Weitere Projekte im Fokus

Die beiden neuen Brückenbauwerke mit einer Spannweite von fünf Metern und einer Fahrbahnbreite von 4,50 Metern, die im Abstand von rund 600 Metern über den Weidgraben führen, bestehen aus Beton-Fertigteilen. Deren Installation per Autokran dauerte jeweils nur einen Tag. Dennoch seien die Bauarbeiten nicht unproblematisch gewesen, so Neubert.

Zum einen, weil in dem »ökologisch wertvollen Gebiet« Natur-, Wasser- und Landschaftsschutz zu berücksichtigen sind, was eine ökologische Baubegleitung notwendig machte. Zum anderen, weil es sich bei der Feldgemarkung um ein Überschwemmungsgebiet handelt.

Letzteres wurde bei den Erdarbeiten deutlich, als die ausführende Baufirma wegen vermehrter Regenereignisse im Juni und Juli mit einem Einstau im Weidgraben zu kämpfen hatte. Das geplante Zeitfenster - der Bau dauerte von Juni bis Oktober - konnte laut Neubert aber eingehalten werden.

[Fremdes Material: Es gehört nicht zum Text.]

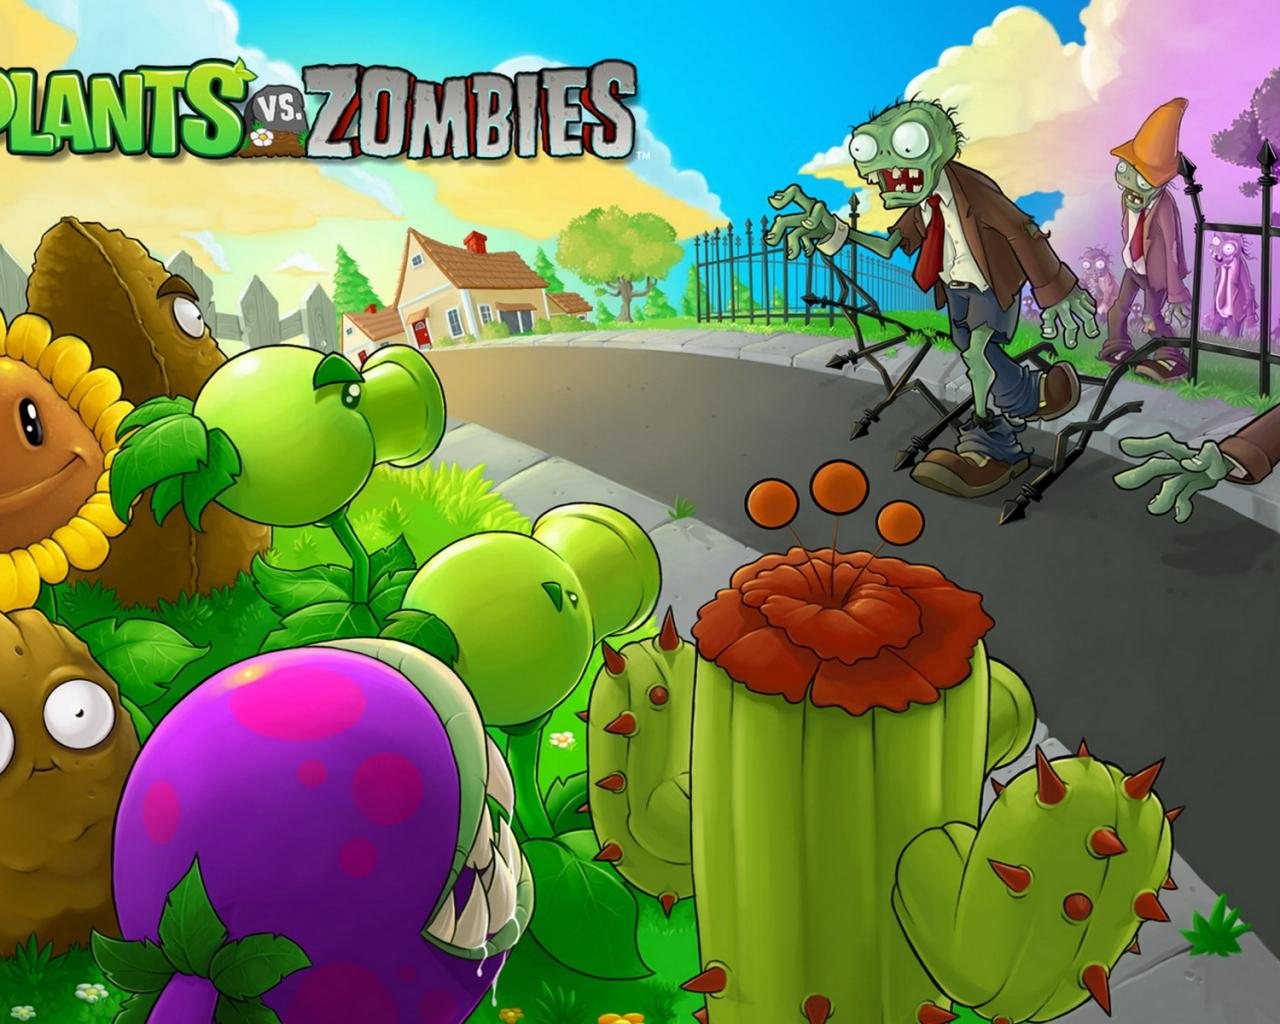 Plants vs. Zombies - 1280x1024

Von der Fertigstellung profitieren nun vor allem Landwirte und der Wasserverband Nidda als Betreiber des Regenrückhaltebeckens. Denn eine der beiden Brücken war drei Jahre lang komplett für den Verkehr gesperrt, die andere für Fahrzeuge über 3,5 Tonnen. Aber auch Spaziergängern und Radfahrern kommen die Neubauten zugute.

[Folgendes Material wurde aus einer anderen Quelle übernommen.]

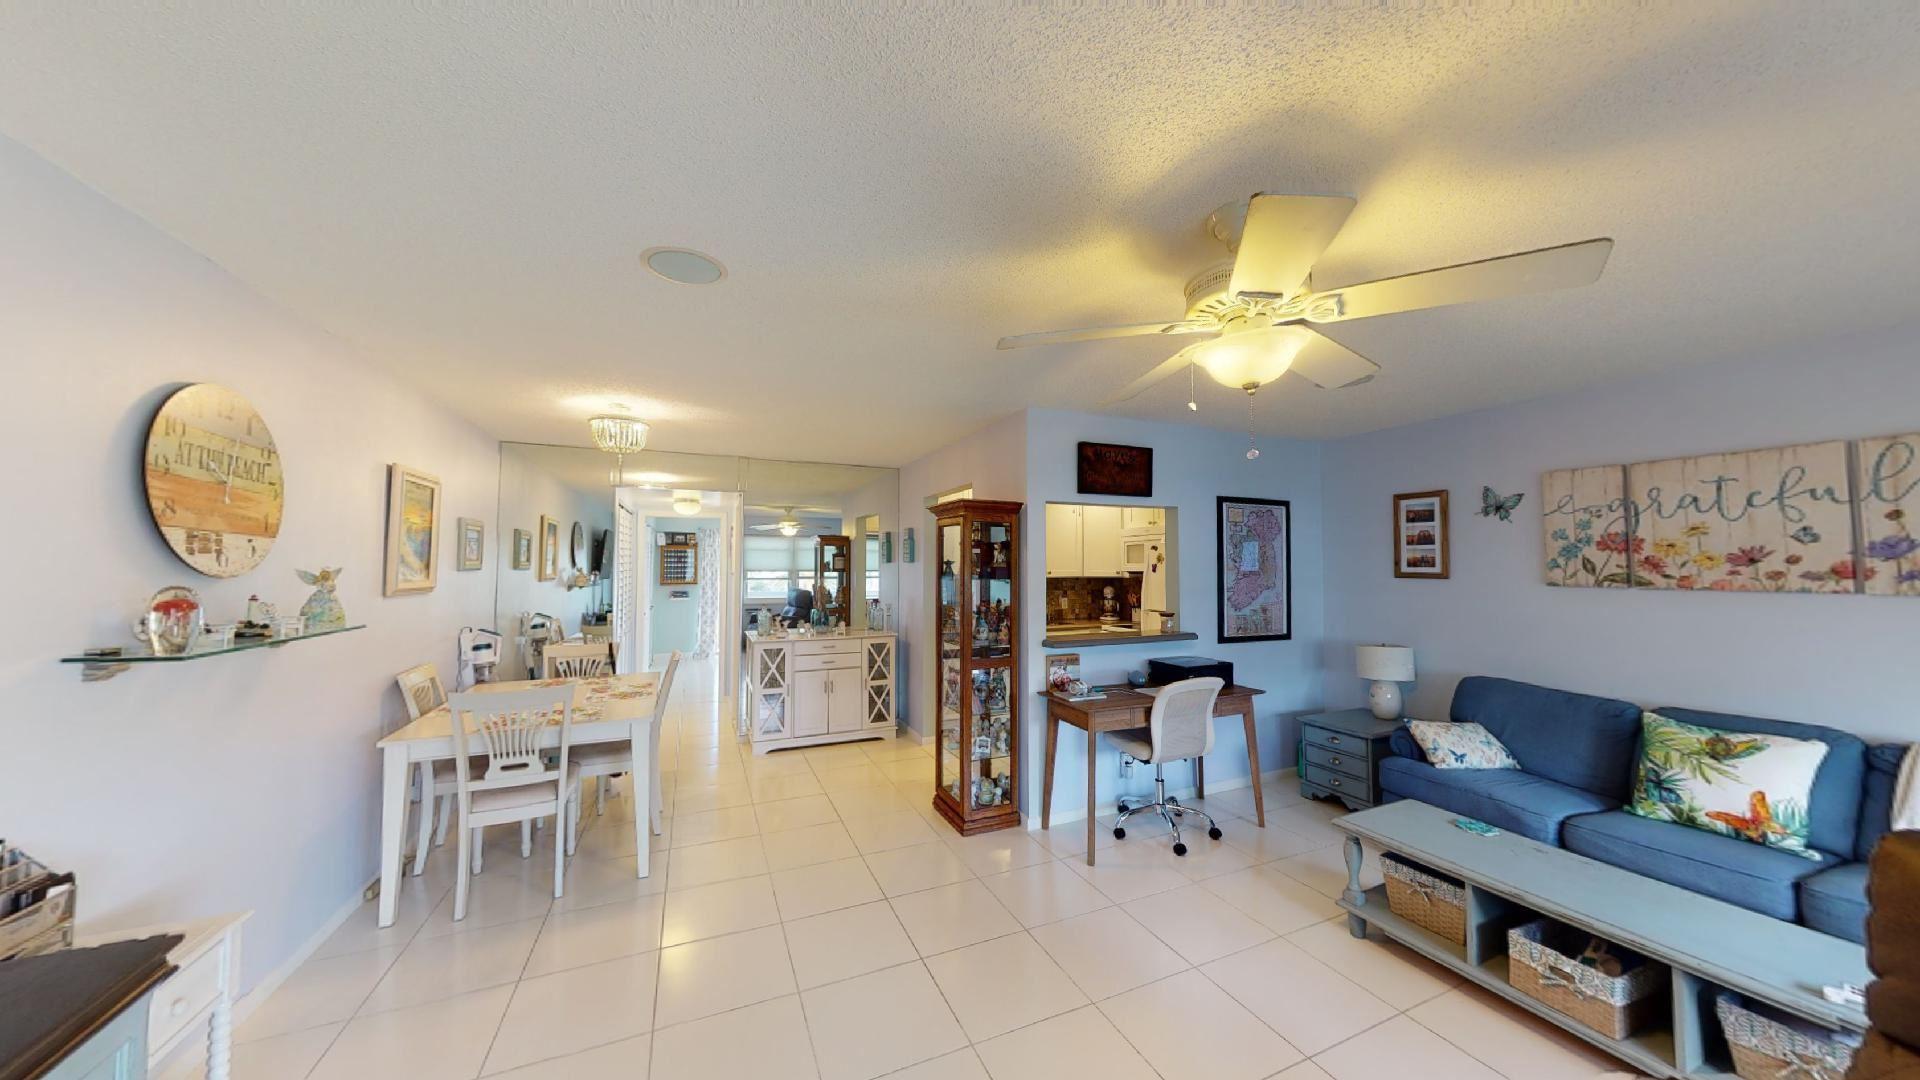 415 Windsor R, West Palm Beach, FL 33417 - MLS#: RX-10695457

Die Unterhaltung ihrer Brücken wird die Stadt Lich auch in Zukunft beschäftigen. Für 2022 hat der Bürgermeister bereits andere Projekte im Blick: die Planung eines Neubaus im Gottesackertal in Kloster Arnsburg sowie den Bau einer Brücke über den Welsbach bei Hof-Güll. Die Kosten für letztere schätzt Neubert auf rund 400 000 Euro. Diesmal allerdings kann er nicht mit einer Finanzspritze rechnen. Der Förderantrag wurde bereits abgelehnt.